= Dataset =
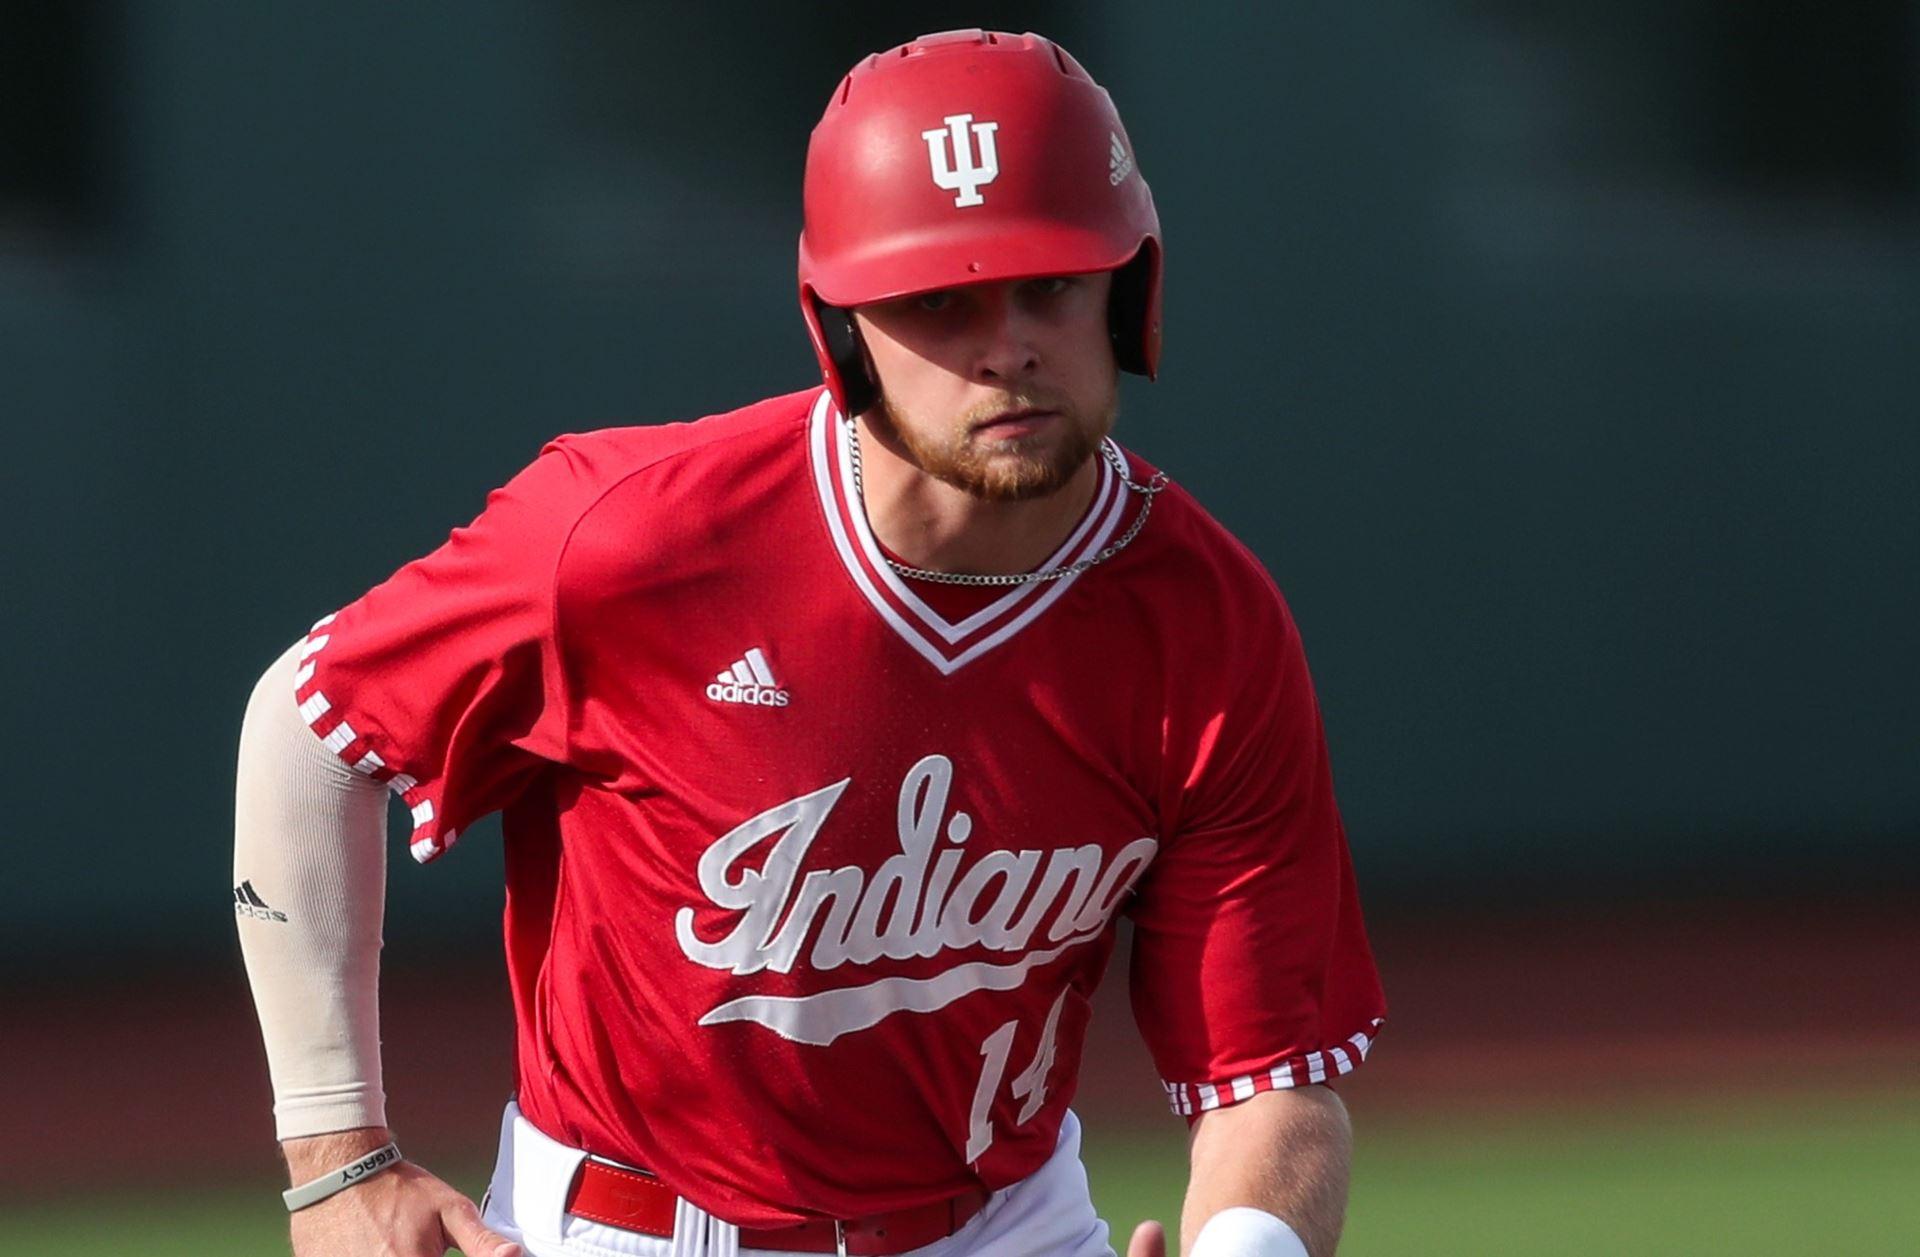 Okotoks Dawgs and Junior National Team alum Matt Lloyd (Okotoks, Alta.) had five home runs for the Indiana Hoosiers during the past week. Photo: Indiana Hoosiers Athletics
* * *
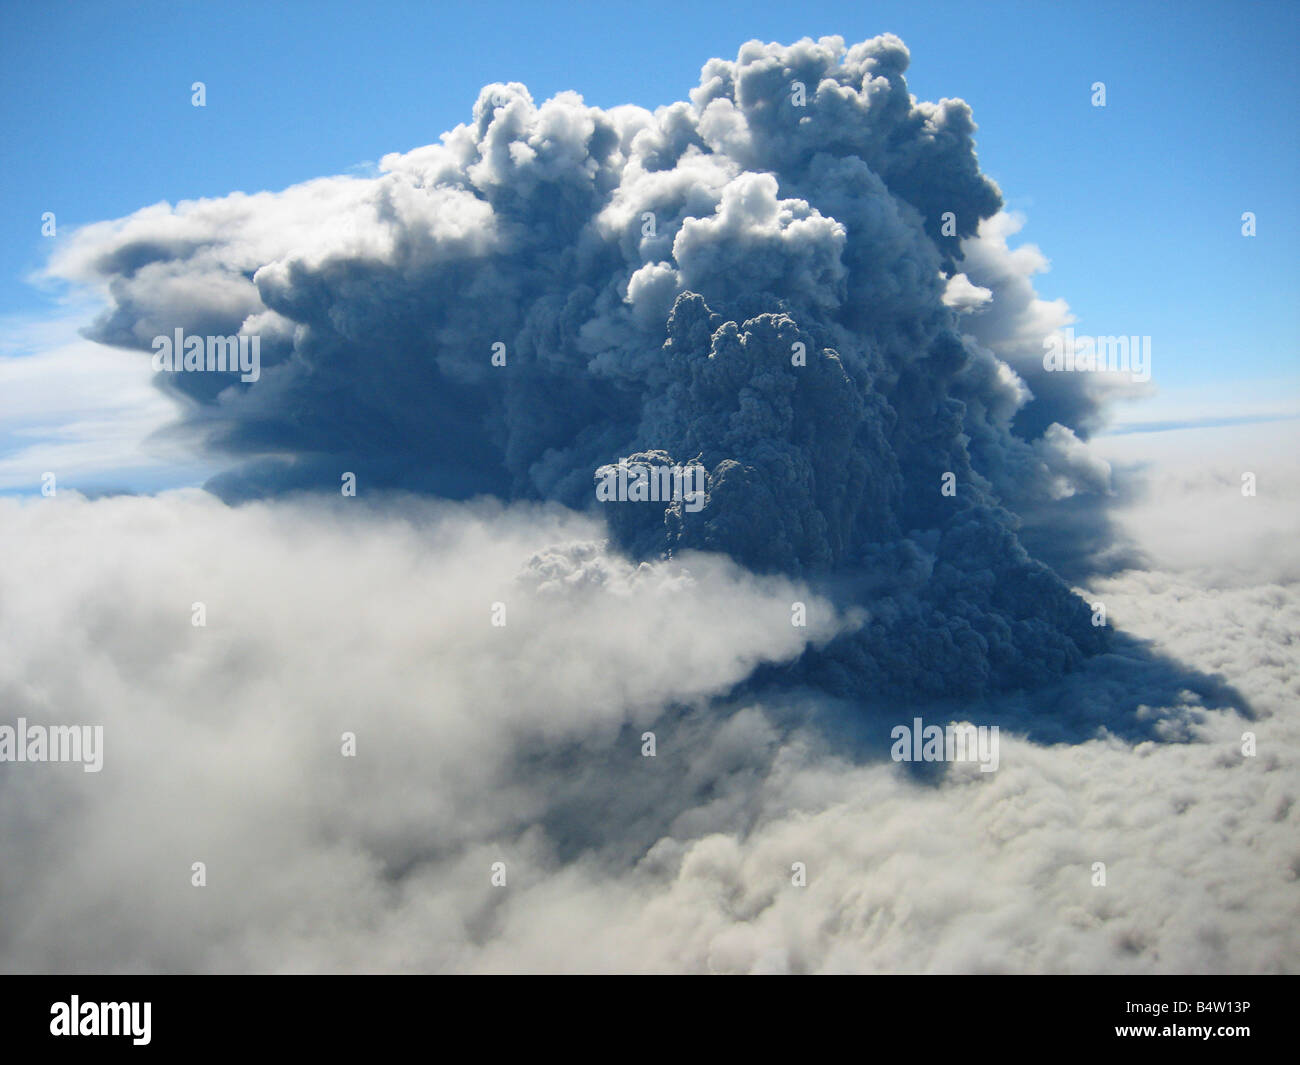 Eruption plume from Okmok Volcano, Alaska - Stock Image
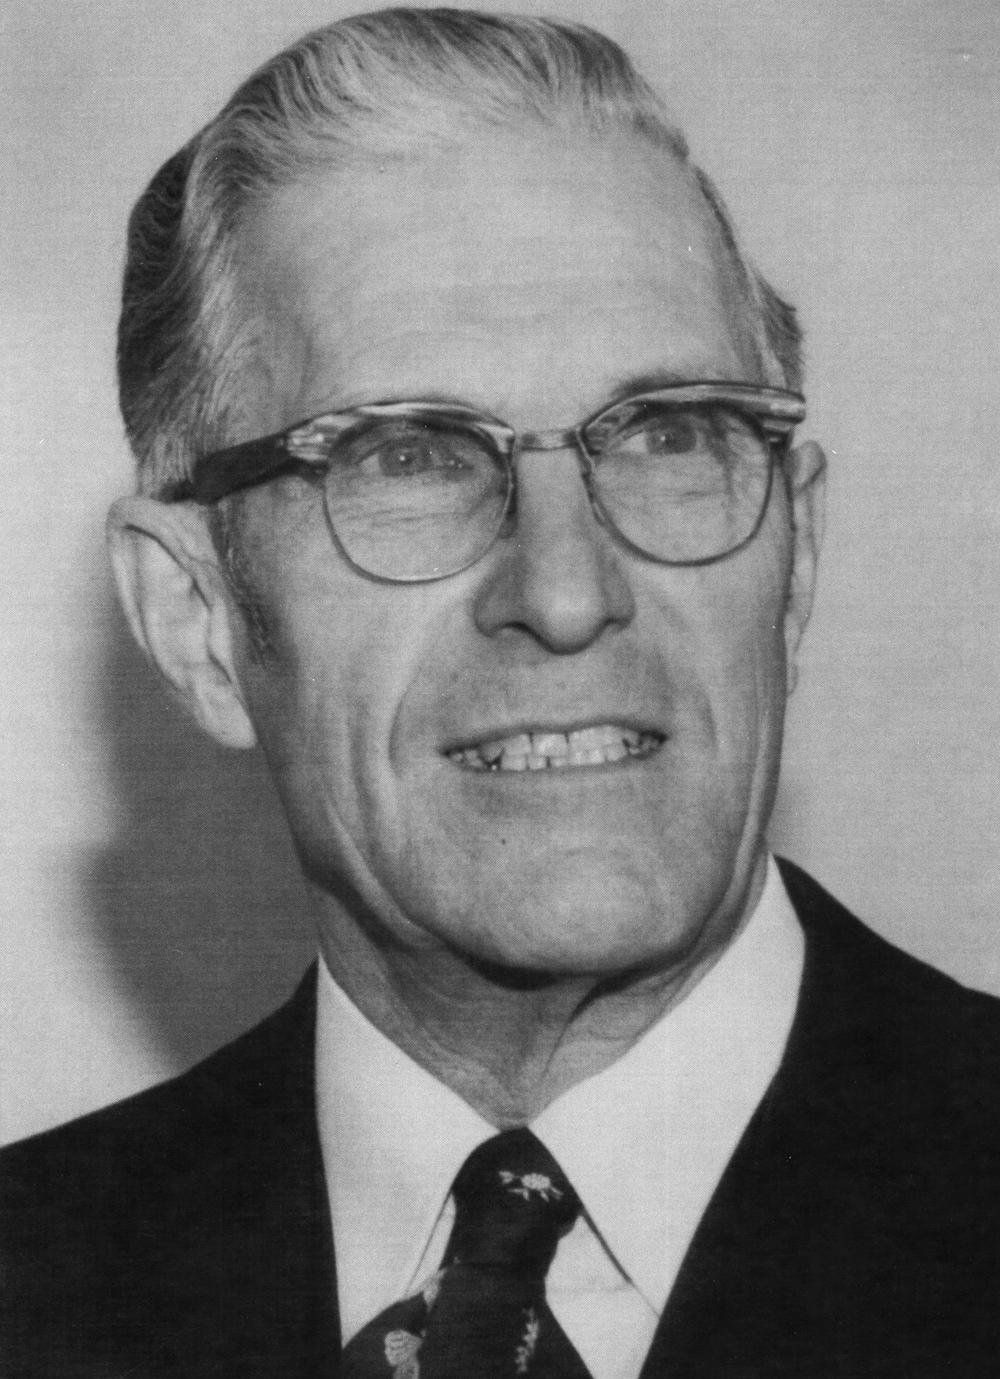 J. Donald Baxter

= Directions for this task =
Among the entries above, take the lines from the one with "Eruption plume from" through the one with "J. Donald Baxter" and retype them exactly, leaving out the pictures.

= Expected answer =
 Eruption plume from Okmok Volcano, Alaska - Stock Image
 J. Donald Baxter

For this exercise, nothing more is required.